Big Art Group is a New York City-based experimental performance ensemble that uses language and media to push formal boundaries of theatre, film and visual arts to create culturally transgressive works. It has publicly declared its goal as the desire to develop innovative performances using original text, technology, and experimental methods of communication.

==Development==
Founded by director Caden Manson and playwright Jemma Nelson in 1999, Big Art Group has produced original works, CLEARCUT, catastrophe (1999), The Balladeer (2000), Shelf Life (2001), Flicker (2002), House of No More (2004), Dead Set #2 and #3 (2006-7),"The Sleep", "The Imitation", "The People" (2007), "S.O.S." (2008), "Cityrama" and "Broke House". The first two works, Clearcut Catastrophe and The Balladeer, explored the development of new vocabularies for performance blending film and theatrical references and trained the ensemble in physically rigorous methods of stagecraft. Clearcut Catastrophe fused ideas from Chekhov's Three Sisters and the documentary Grey Gardens through methods of improvisation. These experiments evolved into a trilogy of works: Shelf Life, Flicker and House of No More. In these pieces, Manson invented an integrated spectacle which he dubbed ‘Real-Time Film’, a hybrid of film and theatre in which actors recombined formal ideas of performance through the use of simultaneous acting on stage and for live video using complex choreography, puppetry, and autobiography. He referred to the techniques of accomplishing filmic language such as cuts, pans, and zooms as treating "the actor as technology."
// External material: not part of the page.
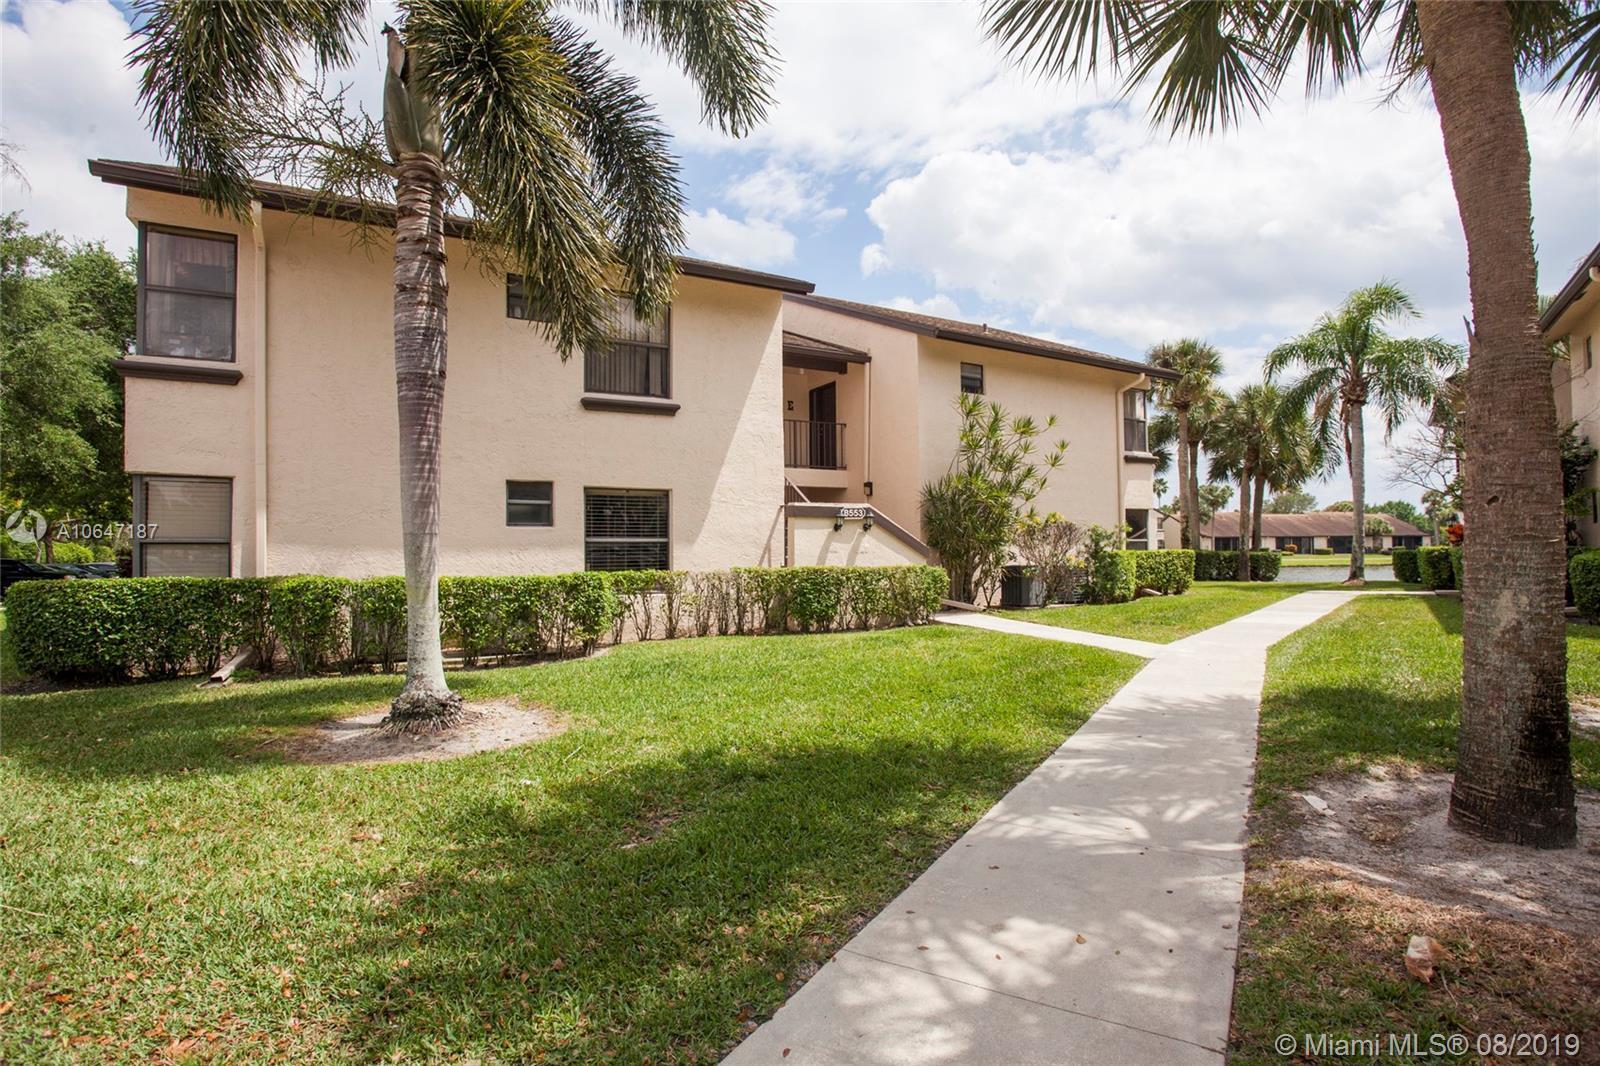 8553 Boca Glades Blvd W Unit: B photo

Thematically, the trilogy began with an acidic critique of consumerism with Shelf Life, which also marks author Jemma Nelson's writing debut. The sister piece, Flicker, used two storylines to create a linked examination of violence and commodity. The trilogy concluded with House of No More, which dismantled ideas of theatrical narrative, and attacked the idea of spectacle through an investigation of theatre as an analogy for worldbuilding.

In 2006 the company began a series of experimental video art, musical collaborations and reality performances, Dead Set #2 and #3, "The Sleep","The Imitation" and The People. Dead Set #2 and #3 continued Big Art Group's experimentation with live theatre and video, set and costume design to comment on themes of trauma and popular culture. The People was an expansion of real-time film that moved the theatre to the street, combining local participants, documentary research and site-specific creations and - fusing avant-garde performance with community expression. Retelling a contemporary version of the Oresteia, The People was simultaneously played and live-projected and broadcast into the public square of the Italian town of Polverigi.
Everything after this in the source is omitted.